On March 28, 2002, Mr. Perry filed an application for postconviction relief; he then filed an amended application in March of 2005 and a second amended application in March of 2010. In his application and the accompanying memorandum, Mr. Perry contends that he did not receive a fair trial in 1998 because the justice who presided over his second murder trial had, while in private practice, represented him in Family Court in 1978 and 1980, when Mr. Perry was a minor. Accordingly, Mr. Perry avers that that trial justice should have recused. Mr. Perry also alleges that his counsel at the second murder trial was ineffective because: (1) he did not seek the trial justice's recusal; (2) he did not present evidence to support a diminished capacity defense; and (3) he did not allow Mr. Perry to testify on his own behalf at the trial.

On April 23, 2008, Mr. Perry's court-appointed attorney submitted a no-merit memorandum and a motion to withdraw as counsel, pursuant to the requirements in Shatney v. State, 755 A.2d 130 (R.I. 2000). Mr. Perry's attorney was allowed to withdraw at a hearing on the application for postconviction relief on April 30, 2008. Mr. Perry eventually retained new counsel, and a hearing was held on his application for postconviction relief on April 6, 2010. We relate below the salient aspects of what transpired at that hearing.

A

The Testimony of Joseph Perry

Mr. Perry testified that the justice who presided over his second murder trial had represented him on a robbery charge when Mr. Perry was a juvenile. He stated that he did not realize that connection initially; however, he added that, about three days into the murder trial in September of 1998, his brother pointed it out to him. It was Mr. Perry's further testimony that he then communicated his thought as to what he considered to be a potential conflict to his attorney the next day while meeting with him in the "cellblock." Mr. Perry further stated that he told his attorney that he did not feel "comfortable" with the trial justice continuing to preside over the second murder trial.[3] Mr. Perry stated: "I didn't feel comfortable with him being there because he was only going to draw one conclusion in my mind and I didn't believe it was going to give me a fair shake." He testified that his attorney then told him that "they're not going to change the judge in the middle of a trial."

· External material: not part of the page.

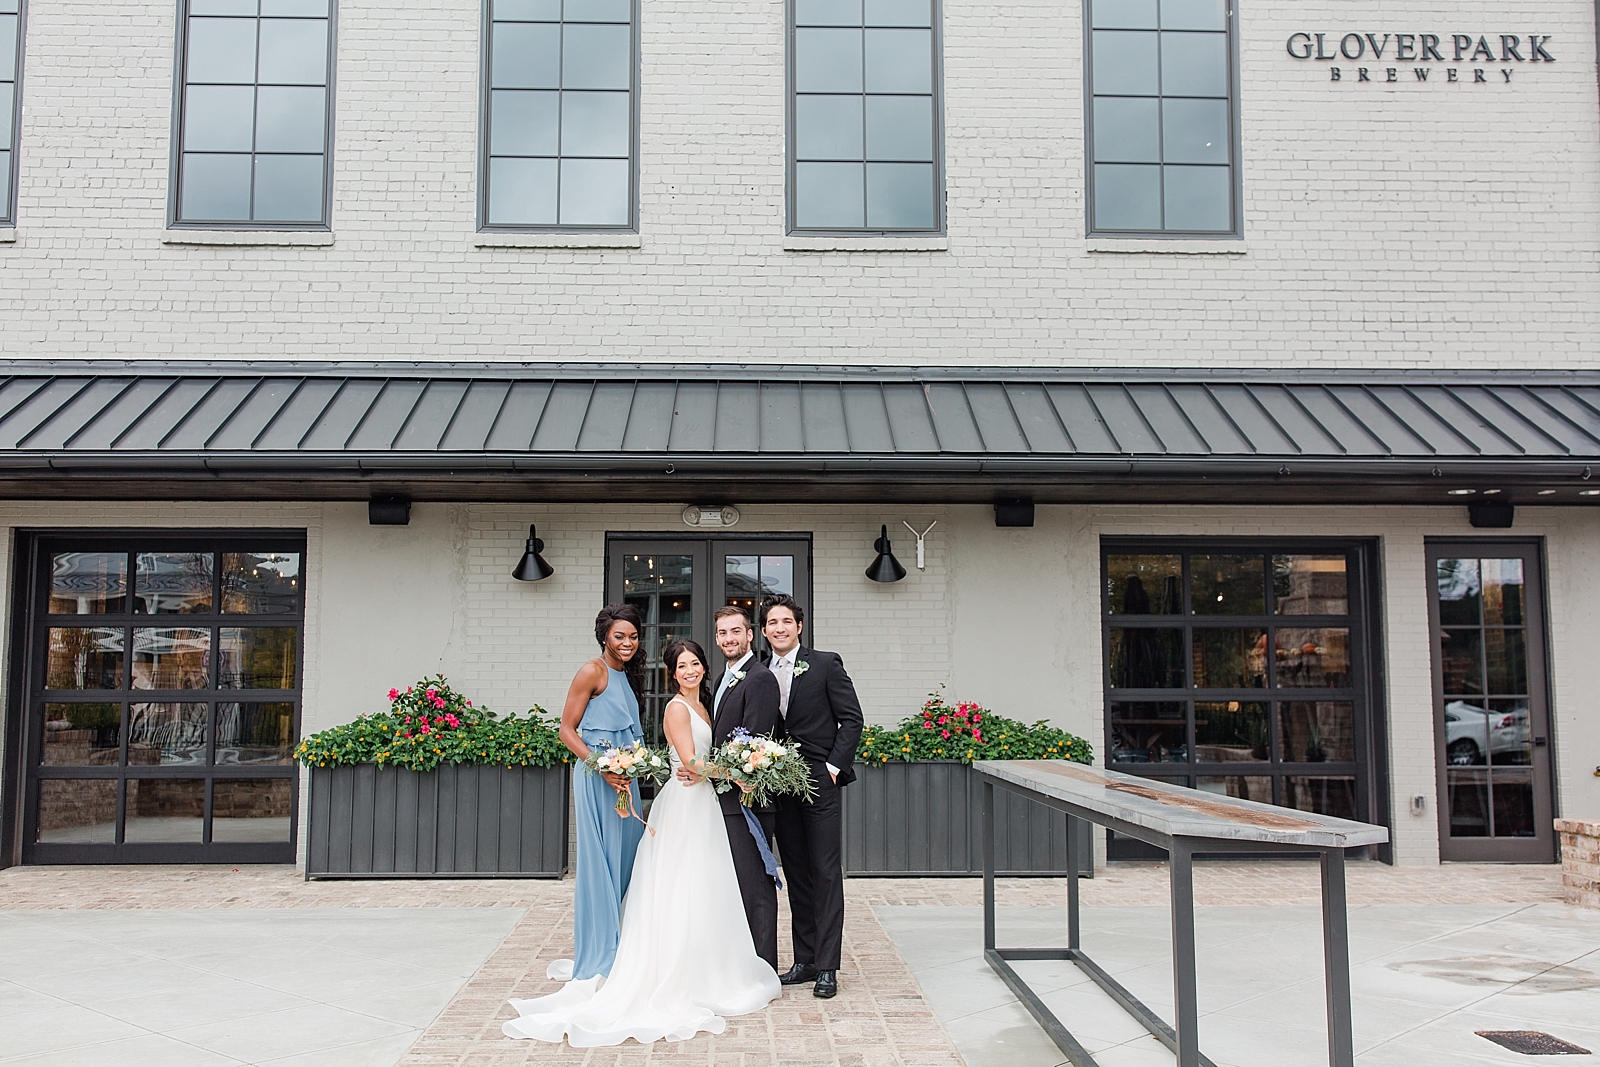 Glover Park Brewery Wedding Bridal Party on Back patio of Venue Photo

Mr. Perry was asked what he was seeking in the postconviction relief action, and he responded that he wanted "some kind of offer like they offered [his] co-defendant." He further stated: "They offered me nothing, never offered me anything; some kind of relief;" he added, "I'm just looking for some kind of remedy." It should be borne in mind, however, that on cross-examination, Mr. Perry expressly acknowledged that he had killed the victim.

On cross-examination, Mr. Perry was confronted with the fact that, in his filings in support of his application for postconviction relief, he had stated that, before the 1998 murder trial commenced, he knew that the justice who presided over that trial had represented him as a lawyer; that statement was contrary to his testimony during his direct examination. Mr. Perry additionally acknowledged on cross-examination that he never asked the attorney who represented him at his second murder trial to move for a mistrial or to "stand up and tell the judge, inform the judge" of Mr. Perry's concerns with respect to the justice's potential prejudice against him. When he was asked the following question: "[A]s far as you know [the trial justice] had no idea that he had formerly represented you * * * ?" Mr. Perry responded: "Not to my knowledge."